Twitter creates growing news media culture

Desi Gillespie, Staff Reporter

No sooner had radio reached mainstream Western culture than television arrived in post-war America. The World Wide Web was created less than 40 years later, and smartphones less than 30 after that.

The marriage of the Internet and the smartphone has led to an advent of mass media in the form of social networking. Facebook, Twitter and Instagram have now become integral facets of modern culture, their mobile apps now functioning as news distributors.

Twitter in particular has risen to the front of the pack in regard to news consumption. According to a 2018 study by AnchorFree for the Jack Myers Knowledge exchange, 82 percent of Gen Z and millenials include Twitter, among several other social media outlets, as a primary place to receive news.

Many celebrities and politicians utilize their Twitter presence to engage directly with their fans and constituents. Mainstream media also run Twitter accounts geared towards remaining relevant with younger audiences.

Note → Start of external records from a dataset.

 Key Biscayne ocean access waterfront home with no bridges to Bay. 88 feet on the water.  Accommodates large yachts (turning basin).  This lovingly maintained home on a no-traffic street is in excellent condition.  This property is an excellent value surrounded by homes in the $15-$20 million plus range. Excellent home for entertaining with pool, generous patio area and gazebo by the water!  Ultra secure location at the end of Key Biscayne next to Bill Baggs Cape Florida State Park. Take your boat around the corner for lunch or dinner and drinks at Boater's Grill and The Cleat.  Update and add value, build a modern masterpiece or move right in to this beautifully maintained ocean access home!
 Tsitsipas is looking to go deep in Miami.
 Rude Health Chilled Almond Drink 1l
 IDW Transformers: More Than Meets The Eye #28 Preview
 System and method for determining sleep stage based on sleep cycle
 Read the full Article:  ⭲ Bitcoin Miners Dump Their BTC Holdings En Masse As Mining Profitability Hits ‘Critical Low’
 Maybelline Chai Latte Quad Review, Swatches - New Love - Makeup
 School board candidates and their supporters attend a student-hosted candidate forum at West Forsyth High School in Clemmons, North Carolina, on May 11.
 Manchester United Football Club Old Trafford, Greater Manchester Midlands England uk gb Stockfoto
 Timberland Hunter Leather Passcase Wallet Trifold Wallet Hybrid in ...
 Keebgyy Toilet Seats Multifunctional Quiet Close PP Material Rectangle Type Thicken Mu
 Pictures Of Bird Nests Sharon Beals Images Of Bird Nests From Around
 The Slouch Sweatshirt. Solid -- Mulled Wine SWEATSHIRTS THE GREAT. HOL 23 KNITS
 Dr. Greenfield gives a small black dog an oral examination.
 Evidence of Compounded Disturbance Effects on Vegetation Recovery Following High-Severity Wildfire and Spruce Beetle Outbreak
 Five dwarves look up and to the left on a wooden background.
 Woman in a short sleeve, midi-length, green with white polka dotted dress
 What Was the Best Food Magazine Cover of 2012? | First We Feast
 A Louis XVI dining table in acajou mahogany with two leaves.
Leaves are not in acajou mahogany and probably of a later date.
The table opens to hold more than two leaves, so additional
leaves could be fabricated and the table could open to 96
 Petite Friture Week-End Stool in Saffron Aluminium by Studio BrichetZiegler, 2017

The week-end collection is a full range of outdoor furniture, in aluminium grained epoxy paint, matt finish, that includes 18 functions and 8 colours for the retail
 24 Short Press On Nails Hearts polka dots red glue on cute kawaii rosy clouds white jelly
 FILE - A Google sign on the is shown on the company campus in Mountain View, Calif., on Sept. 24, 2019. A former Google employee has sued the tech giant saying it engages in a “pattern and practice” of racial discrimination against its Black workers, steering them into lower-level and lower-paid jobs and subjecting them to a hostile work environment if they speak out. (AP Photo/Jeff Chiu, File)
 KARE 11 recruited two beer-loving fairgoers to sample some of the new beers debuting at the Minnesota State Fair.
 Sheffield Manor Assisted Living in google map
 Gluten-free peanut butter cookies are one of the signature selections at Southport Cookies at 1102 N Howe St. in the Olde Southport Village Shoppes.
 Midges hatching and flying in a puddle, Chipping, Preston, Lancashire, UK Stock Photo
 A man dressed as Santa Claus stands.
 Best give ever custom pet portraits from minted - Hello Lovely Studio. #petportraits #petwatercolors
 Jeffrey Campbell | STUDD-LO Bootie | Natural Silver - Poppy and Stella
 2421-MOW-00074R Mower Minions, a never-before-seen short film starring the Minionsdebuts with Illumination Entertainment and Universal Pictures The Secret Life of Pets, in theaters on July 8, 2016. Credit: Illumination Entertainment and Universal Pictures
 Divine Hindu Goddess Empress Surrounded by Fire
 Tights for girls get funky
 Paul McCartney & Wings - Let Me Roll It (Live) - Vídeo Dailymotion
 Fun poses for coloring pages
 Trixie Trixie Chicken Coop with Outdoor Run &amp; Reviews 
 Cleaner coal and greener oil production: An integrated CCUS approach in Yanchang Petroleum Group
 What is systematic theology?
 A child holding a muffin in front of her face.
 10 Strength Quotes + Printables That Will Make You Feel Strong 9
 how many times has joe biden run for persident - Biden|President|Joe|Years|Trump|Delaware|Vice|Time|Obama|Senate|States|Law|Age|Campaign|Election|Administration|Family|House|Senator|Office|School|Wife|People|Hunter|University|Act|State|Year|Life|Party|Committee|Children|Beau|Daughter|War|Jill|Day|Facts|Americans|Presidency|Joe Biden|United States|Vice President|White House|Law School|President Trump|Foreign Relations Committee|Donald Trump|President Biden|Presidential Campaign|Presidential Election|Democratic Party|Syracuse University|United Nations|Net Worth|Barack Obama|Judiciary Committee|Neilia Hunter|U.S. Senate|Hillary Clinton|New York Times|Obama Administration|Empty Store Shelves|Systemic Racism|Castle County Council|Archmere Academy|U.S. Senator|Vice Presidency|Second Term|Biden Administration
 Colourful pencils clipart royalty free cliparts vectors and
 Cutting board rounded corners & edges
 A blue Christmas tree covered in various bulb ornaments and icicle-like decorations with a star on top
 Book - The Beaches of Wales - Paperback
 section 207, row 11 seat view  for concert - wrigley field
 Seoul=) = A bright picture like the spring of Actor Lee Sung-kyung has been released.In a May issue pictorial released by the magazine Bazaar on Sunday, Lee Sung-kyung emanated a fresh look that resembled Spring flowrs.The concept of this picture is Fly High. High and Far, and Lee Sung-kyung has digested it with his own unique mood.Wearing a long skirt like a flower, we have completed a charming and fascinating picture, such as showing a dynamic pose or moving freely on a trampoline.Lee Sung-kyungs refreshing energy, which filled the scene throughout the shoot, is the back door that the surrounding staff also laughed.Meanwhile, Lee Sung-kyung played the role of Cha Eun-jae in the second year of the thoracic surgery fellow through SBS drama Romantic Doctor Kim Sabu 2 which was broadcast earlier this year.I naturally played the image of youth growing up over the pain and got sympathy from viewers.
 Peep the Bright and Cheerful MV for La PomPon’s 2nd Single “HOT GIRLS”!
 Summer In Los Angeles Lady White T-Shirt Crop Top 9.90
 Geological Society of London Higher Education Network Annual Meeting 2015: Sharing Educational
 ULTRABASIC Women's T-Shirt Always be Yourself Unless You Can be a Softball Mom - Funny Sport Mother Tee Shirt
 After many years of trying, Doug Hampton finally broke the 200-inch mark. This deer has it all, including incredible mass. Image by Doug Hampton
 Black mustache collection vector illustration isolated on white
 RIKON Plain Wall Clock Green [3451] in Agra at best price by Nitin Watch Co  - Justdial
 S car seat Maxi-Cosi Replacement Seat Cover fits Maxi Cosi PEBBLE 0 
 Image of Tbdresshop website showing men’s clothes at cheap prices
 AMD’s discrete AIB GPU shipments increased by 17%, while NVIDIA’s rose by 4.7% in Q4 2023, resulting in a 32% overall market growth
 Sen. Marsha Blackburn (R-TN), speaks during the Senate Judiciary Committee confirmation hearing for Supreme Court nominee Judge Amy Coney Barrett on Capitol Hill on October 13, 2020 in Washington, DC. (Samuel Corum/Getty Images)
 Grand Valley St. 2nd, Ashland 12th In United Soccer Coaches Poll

“I like Twitter because it’s easy access,” Sloan Norris, a junior majoring in accounting, said. “I just open up my Twitter app and because I follow a lot of pages—like CNN, local news, New York Times, etc.—I am able to click on a link that takes me straight to the news article.”

This younger audience is primarily composed of millenials and Gen Z consumers—put another way, a large majority of the UA student body. Students must make the conscious decision to avoid or partake in the new media culture created by Twitter.

Thirty-six percent of American 18-29-year-olds are Twitter users, according to a 2018 Pew Research Internet and Technology study. While some students like Norris enjoy using the new media outlet, others are more wary of Twitter as a source of news.

“I feel like [Twitter] provides me with content that I want to see,” Alex Tidwell, a senior majoring in mathematics said. “The timeline is non-linear, and you’re inundated with retweets from other people’s accounts. That’s one vehicle by which the news on Twitter gets spammy.”

The development of Twitter’s news distribution is another evolution in mass media. Students in the College of Communications and Information Science now learn about social media as a new channel of communication.

“So essentially, what I say about getting your news from any type of social media, Twitter especially, is that the best things about are also the worst things about it,” UA mass communication instructor Will Heath said. “Twitter allows you to filter out everything that doesn’t interest you, as well as everybody who doesn’t agree with you. That’s a good thing because it allows you to quickly access the things you care about.”

Heath then went on to say that this function allows consumers to bypass the tradition of watching the evening news, waiting through stories that don’t interest them in order to get to ones that do.

“Sometimes those viewpoints that you’re deliberately filtering out are things you should be exposing yourself to,” Heath said. “At the very least to help you understand what people who don’t agree with you think like, and why they think that way.”